Left alone to our own strength, to looking at our own heart for guidance, trusting our own mind to determine our path ~ we are paving the way to a life of disenchantment and disappointment.  When that happens, the distraction and the opportunities to procrastinate seems to increase ten-fold.

Deuteronomy 10 verse 12 and 13

Psalm 96:9Worship the Lord in the splendor of holiness; tremble before him, all the earth!”

God’s Word is beautifully written!  He is holier than holy!  He is clothed in splendor and calls us His child!  God’s Word applies to our life today as much as it did to the original audience it was written for.  Proof that God’s Word is alive!

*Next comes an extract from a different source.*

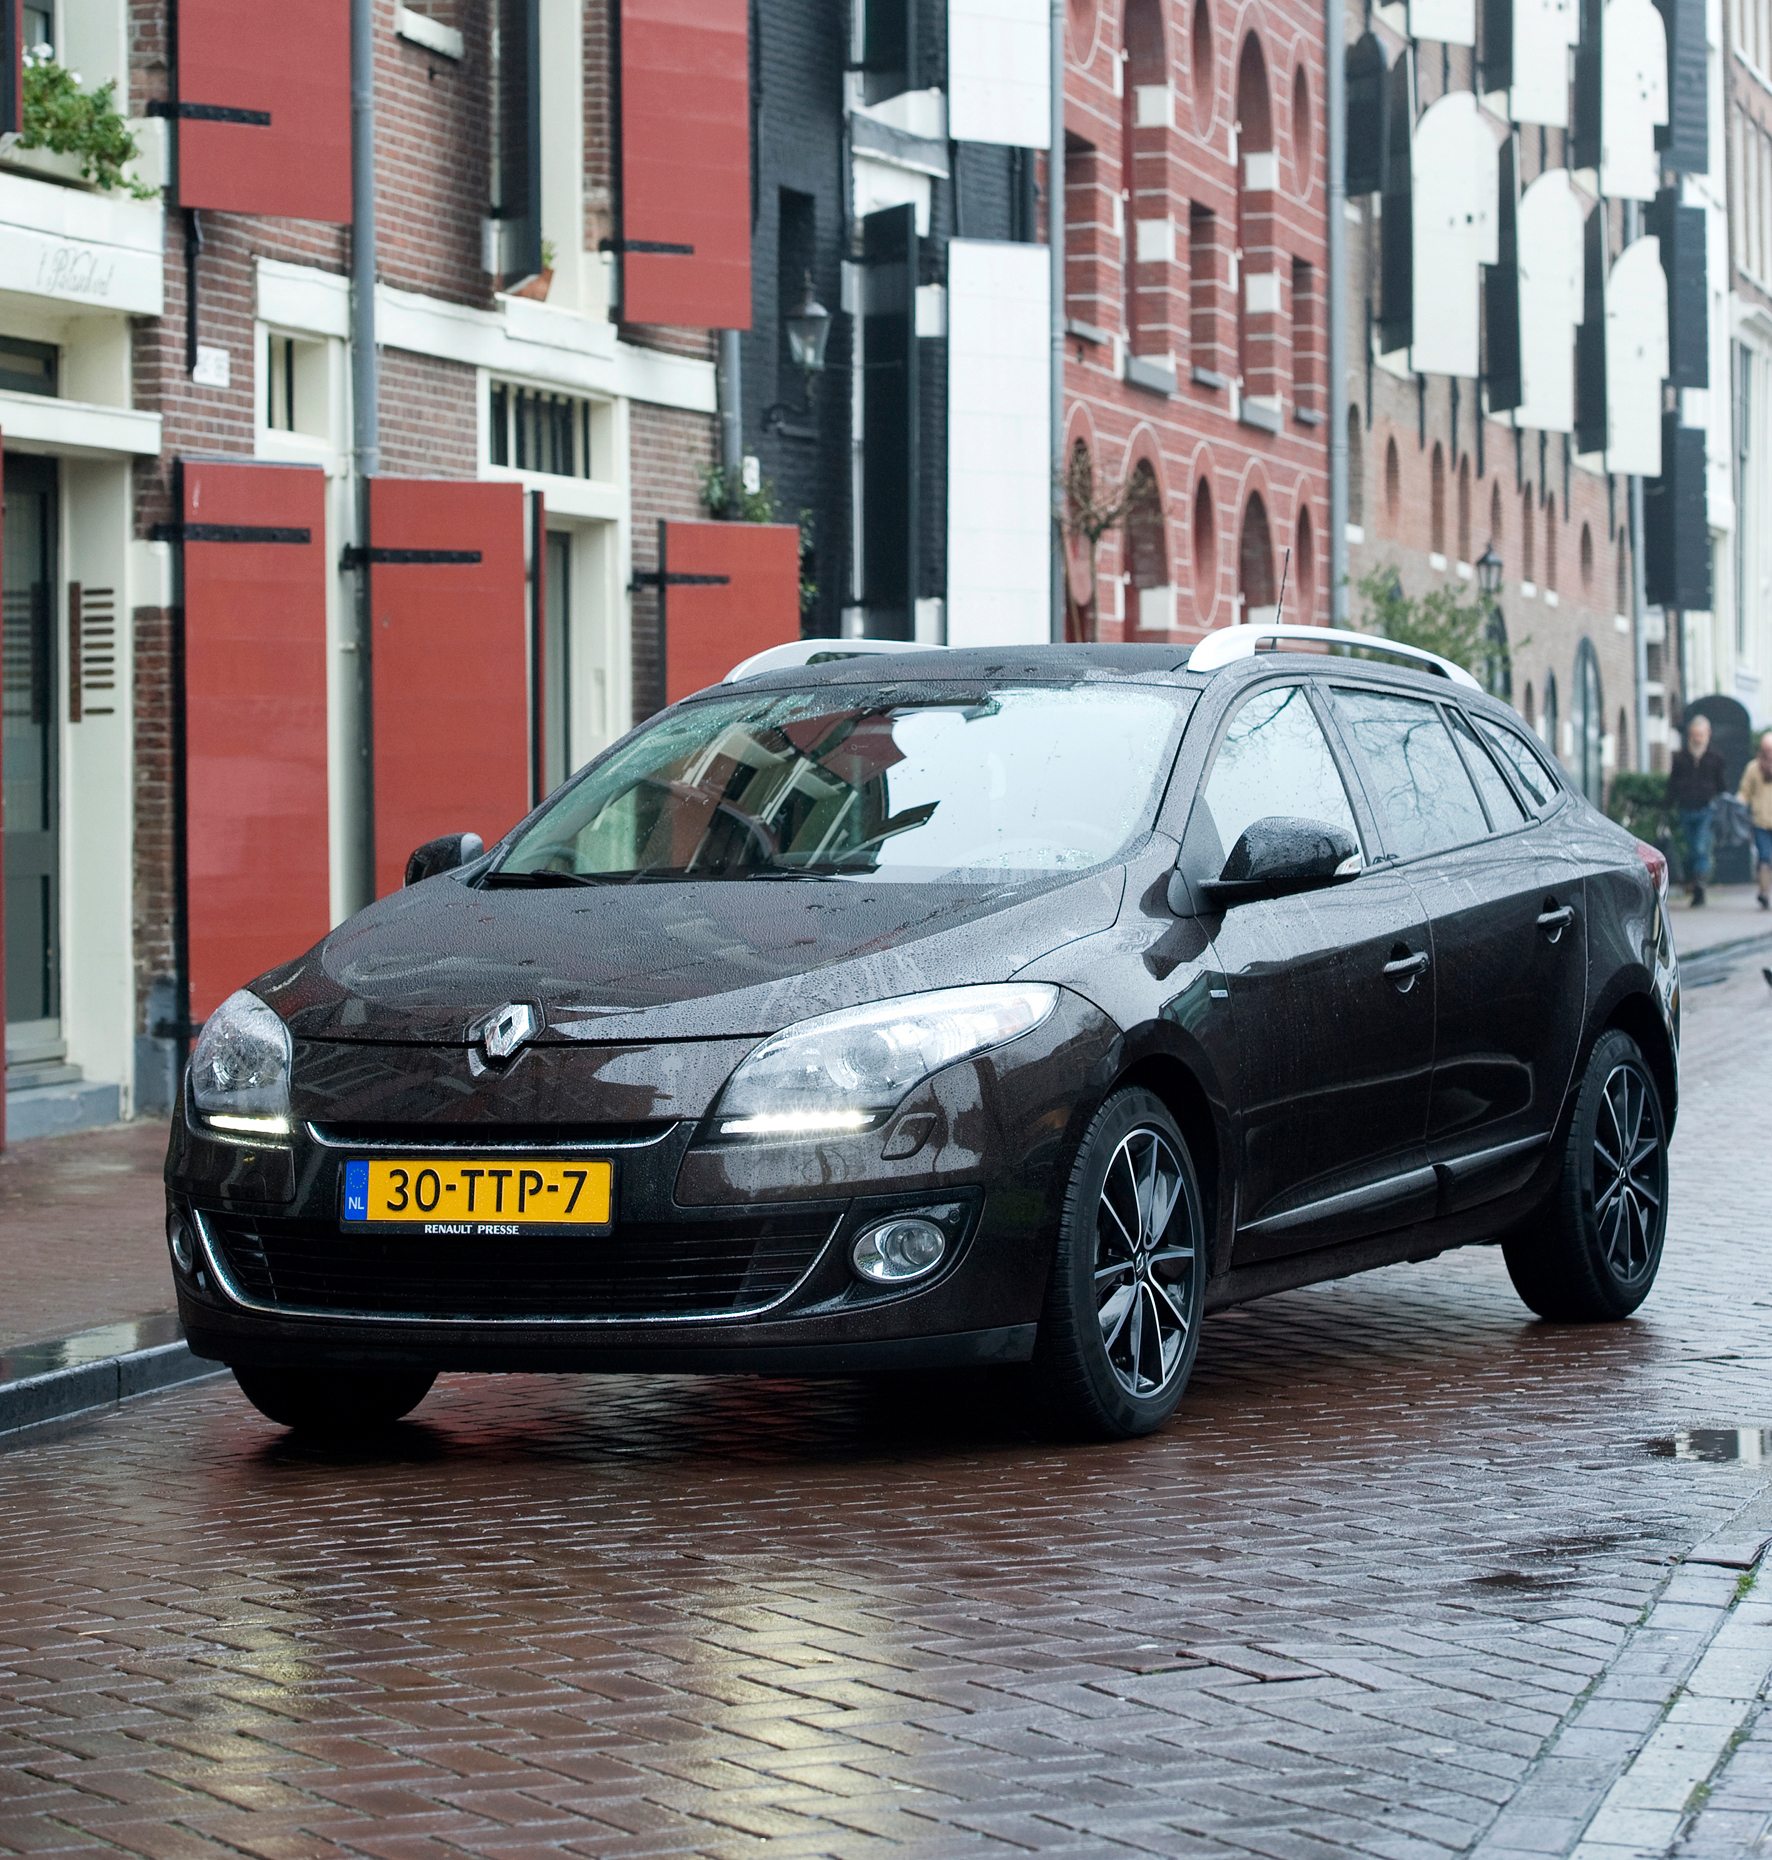 Wens Per Snelkoppelingen Renault Mégane bestverkochte auto van Nederland in 2012

We can look to scriptures to encourage us to focus on the Lord, and as the above verse in Deuteronomy speaks to, we will be able “to walk in all his ways.”  When we are walking in ALL of His way, we can more easily pursue a relationship with the Lord.  To daily learn how to love and serve the Lord with greater intensity, everyday.  My heart and soul must be full of HIM ~ not full of my own strength.  Because if that is all my heart is full of of ~ then I will be limiting the future plans that God has for me.  I will miss out on the blessings He has intended for me.  How sad is that!  Yet that is EXACTLY what I’m doing every time allow outside distractions to encourage the spirit of procrastination in me.

Praise the Lord that He is patient.  Praise the Lord that He does not get distracted where I’m concerned.  Praise the Lord that He does not procrastinate when it comes to making sure that I return my focus to Him.  Praise the Lord that He sees me and knows my name!

And now…I am recharged.  My focus has been reignited on the face of my Heavenly Father.  The distractions of my heart have eased as I give them up and allow God’s plan to take first place in my mind.  I’m thankful for a new day…which by the way…it technically is now because it’s 12:15am.  Time to go and rest in the peace and calmness of the Lord.  Trusting that when I wake in the morning and give the day back to the Lord, asking for His guidance to see what is important, He will answer me right away ~ because He will be waiting for me to start the day.  He will be enthusiastically anticipating the arrival of the sunrise on my day to show me how much He loves me and how great the plans are that He has for me.

God bless you with clarity and responding with first time obedience when the Lord ask you to do something.